This brings up another, related issue: how much visibility do survey respondents actually have with respect to how and where cloud gets used in their organizations? It’s likely that most respondents lack complete visibility into and across their organizations; in a large enterprise, for example, few if any people have this kind of panoptic view. When we took all of these considerations into account, a more-inclusive frame for cloud adoption made the most sense to us. It encompasses private clouds, the IaaS cloud—also host to virtual private clouds (VPC)—and the PaaS and SaaS clouds. It is less concerned with formal definitions2 and captures the point-in-time totality of cloud adoption.
Among non-adopters, culture seems to be the biggest impediment to cloud adoption: just under 5% of non-adopters cited an “organizational preference to keep data on premises” (Figure 4). More than 2% cited regulatory concerns as a bulwark to adoption, while a still larger proportion—close to 3%—cited risk, especially with respect to migrating on-premises workloads, services, or data to cloud. Oddly, about 3% of non-adopters cited cost as a primary reason not to move workloads to cloud; cost-efficiency is usually touted as one of cloud’s most attractive features.
Also of interest: close to 2% of non-adopters cited the prospect of
vendor lock-in as a rationale for not using cloud. All told, 22% of
respondents selected at least three issues; 46% chose at least two issues. Again, non-adopters comprise just 10% of the survey audience.
Cloud Usage Waxing, not Waning
Most (90%+) respondent organizations expect to increase their usage of cloud-based infrastructure. This result aligns very closely with the proportion of respondents (88%+) who have already adopted cloud. The upshot is that the overwhelming majority of adopters plan to grow, rather than reduce, their cloud usage share. Oddly, most growth seems to be happening at the extremes: almost one quarter of respondent organizations expect to move all of their applications to the cloud in the next 12 months (Figure 5). This was the second biggest cluster, overall. The largest cluster—at just under 34%—consists of respondents who expect to move one-quarter of their applications to the cloud in the next 12 months.

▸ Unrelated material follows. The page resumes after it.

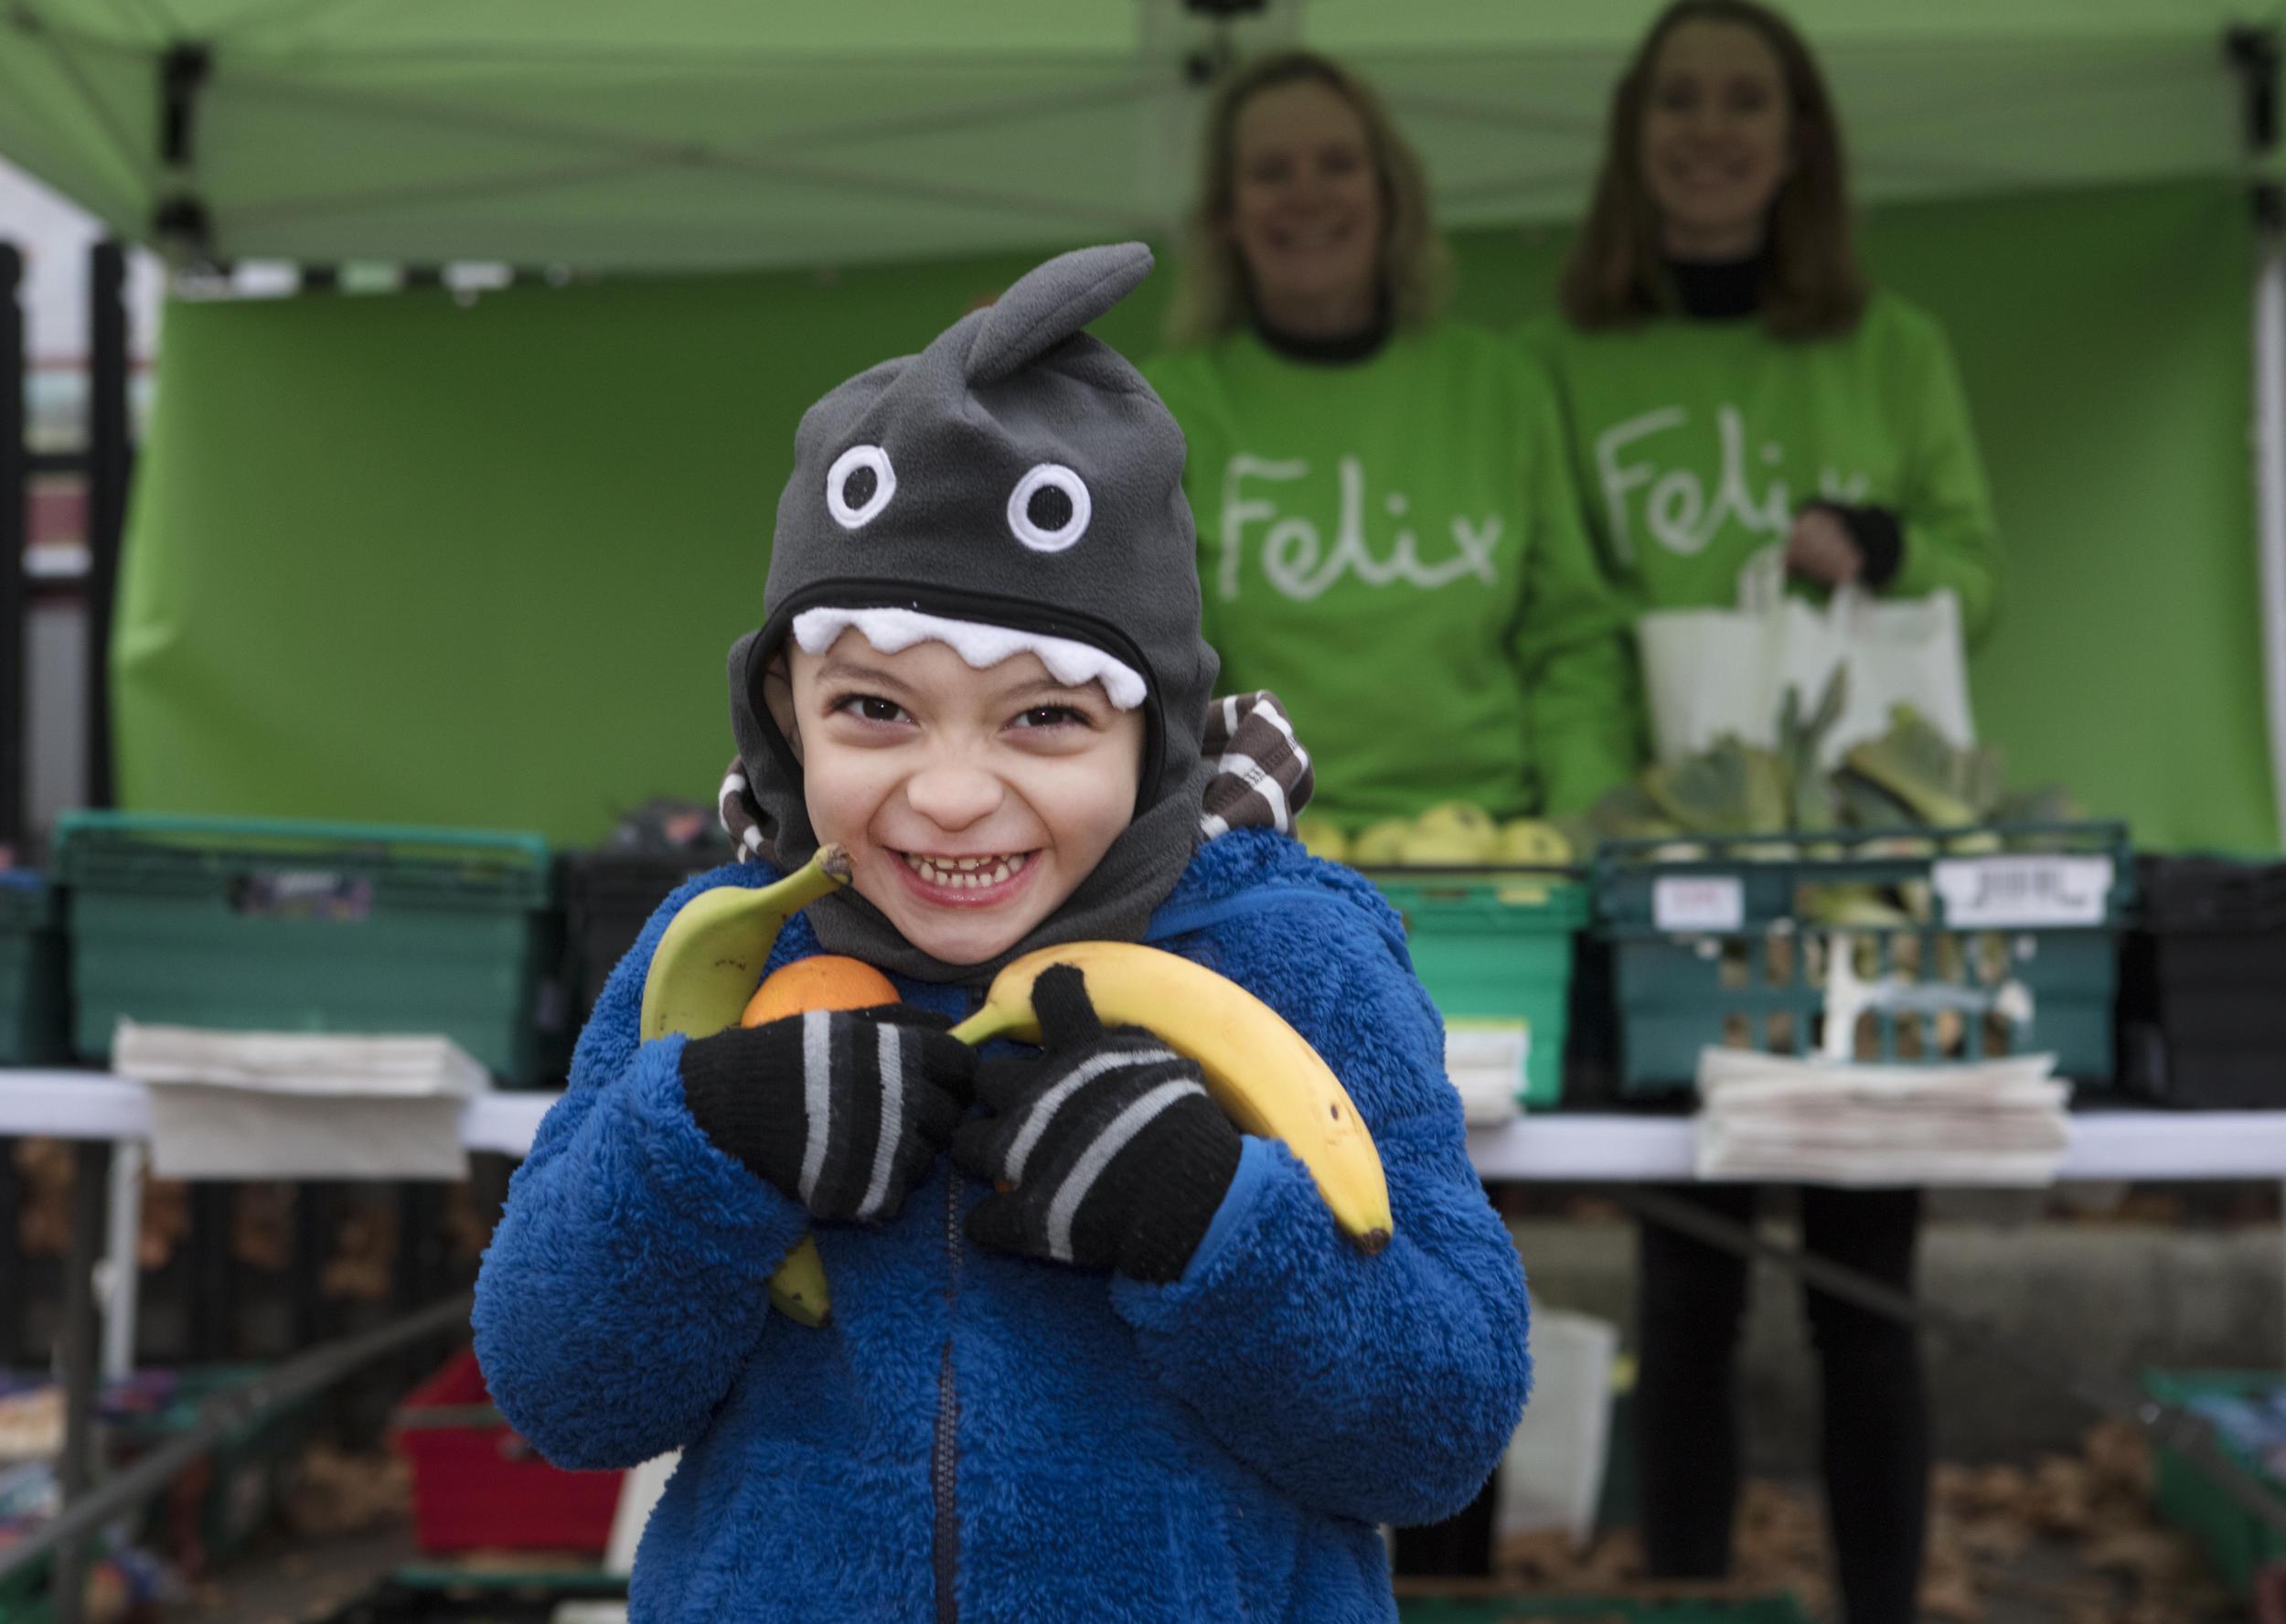 One of the first happy customers at the Felix Project's new market stall at Berrymede Junior School in west London - paid for with the help of your donations

About 45% of respondent organizations expect to move three-quarters or more of their applications to cloud during this same period; 67% expect to shift half or more of their applications during that same period. Zoom out to 36 months, and close to 40% of all respondents expect that all of their applications will run in a cloud context—and about 63% anticipate running at least three-quarters of their applications in the cloud.3
Taken at face value, these results suggest almost irresistible momentum in favor of cloud. Keep in mind, however, that usage share is based on the applications respondents know of, and that few if any respondents have a complete view of deployments across the whole of their organizations. With this caveat in mind, the results nonetheless suggest a wider embrace of cloud infrastructure and support the idea that most organizations now equate cloud with what’s next for their infrastructure decisions.
Public Cloud Dominates, but Most Organizations Opt to Mix Things Up
Among cloud adopters, more than 21% host all of their applications in a cloud context of one kind or another. However, organizations that host one-quarter or fewer of their applications in the cloud comprise the largest single cluster, at 39% of all respondents. As might be expected, small companies and startups are likely to host substantial proportions—in some cases, all—of their applications in the cloud. There were some surprises, however. For example, about 17% of companies with 10,000 or more employees host 100% of their applications in a cloud context of some kind (Figure 6). This number balloons to about 37% of companies with between one and 100 employees. Just under 50% of companies with 10,000 or more employees host 25% or fewer of their applications in a cloud context.
Public cloud is the most popular overall deployment option, with a usage share greater than 61%. Traditional, on-premises deployment—at just under half (49%) of usage share—is second. Hybrid cloud, which combines public cloud services with on-premises private cloud infrastructure, is third, with approximately 39% usage.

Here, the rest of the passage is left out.